Peer reviewed medical research shows that such a 10-minute walk per day may be the single most healthy thing one could ever do, and that this health therapy far outweighs virtually all other medical interventions known to modern science... [3]

Here, keep in mind that "brisk walk" is specific to you. Don't push too hard but don't sleep walk either, in such a way that it doesn't even get the juices flowing. Be confident that your body will repair itself if the joints hurt at first, and so on. This won't kill you.

The idea here is not that the calorie burning from the walking itself is of any use. It is not and that is not the point. The idea is twofold, in my opinion.

First, a million years of human evolution would never have predicted that humanity could come to a point where one actually has to think about walking at least 10 minutes a day. In that sense, it is fundamentally bad for one's metabolism to not have at least this degree of animal activity. And science has now provided the answer about the quantitative minimal degree that is required to avoid a slow meltdown into immobility, depression, and early death [3].

Secondly, and as importantly, walking is a physical expression of independence and power. You and your body go where you want to go, say hi to those you want to greet, go at the pace you want to have, and choose everything about the walking. In this sense, walking gives one a psycho-physiological experience of independence and power, one that directly nurtures self-esteem.

This is the missing link in calorie intake theory as a paradigm for weight loss: Physical activity, if chosen and self-directed, directly impacts self-esteem which, in turn, mediates compulsive over eating. As a result, the calorie balance sheet is affected far beyond the energy consumption value of the physical activity itself.

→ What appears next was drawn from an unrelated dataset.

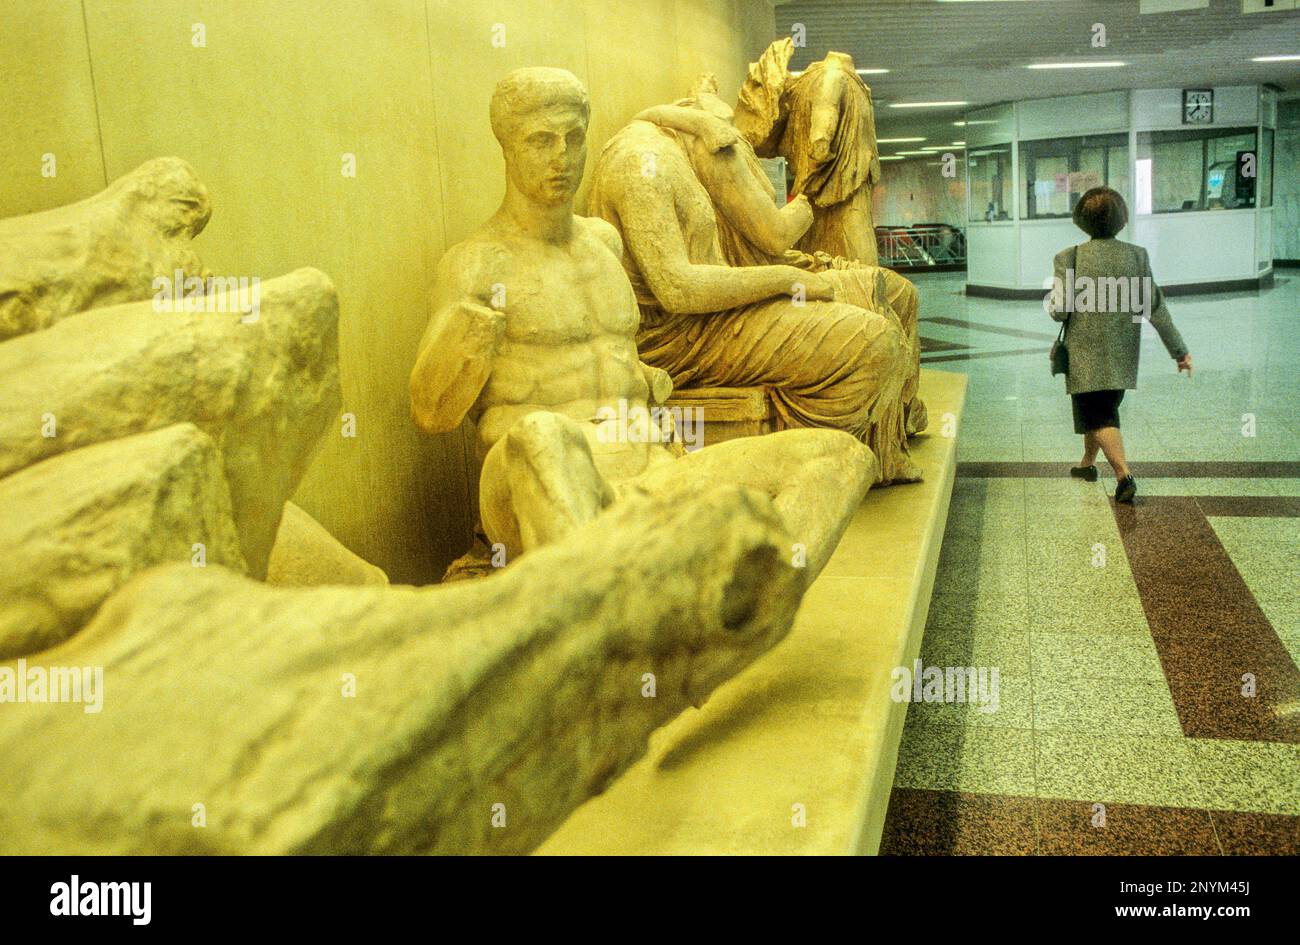 La metropolitana, stazione dell'Acropoli. Qui trovate il resto archeologico nel prolungamento della metropolitana nel 2004 sono esposti, Atene, Grecia, Eur Foto Stock

Why is the latter point such a secret? Why all the emphasis on calorie counting, which acts to mask this truth about the real benefits of physical activity? How is it that the most important advice is never clearly given as being the main point? One answer is that the professional behaviours of medical doctors and nutritionists are necessarily aligned with maintenance of the dominance hierarchy. Independence threatens hierarchy.  

Endnotes

[1] 2011-12-20::: A Theory of Chronic Pain, by Denis G. Rancourt
[2] 2011-11-21::: Is establishment medicine an injurious scam?, by Denis G. Rancourt
[3] 2011-12-02::: "23 1/2 hours: What is the single best thing we can do for our health?", video by Dr. Mike Evans, University of Toronto.

Denis G. Rancourt is a former tenured and full professor of physics at the University of Ottawa in Canada. He practiced several areas of science (including physics and environmental science) which were funded by a national agency and ran an internationally recognized laboratory. He has published over 100 articles in leading scientific journals and several social commentary essays. He developed popular activism courses and was an outspoken critic of the university administration and a defender of student and Palestinian rights. He was fired for his dissidence in 2009. His dismissal case is scheduled to continue court hearings into 2013.

1 comment:

  1. Indeed! I do at least an hour of brisk-walking every day... sometimes three or four. If two days go by without this, I feel like utter crap. Important advice and your continuing desire to help others is commendable.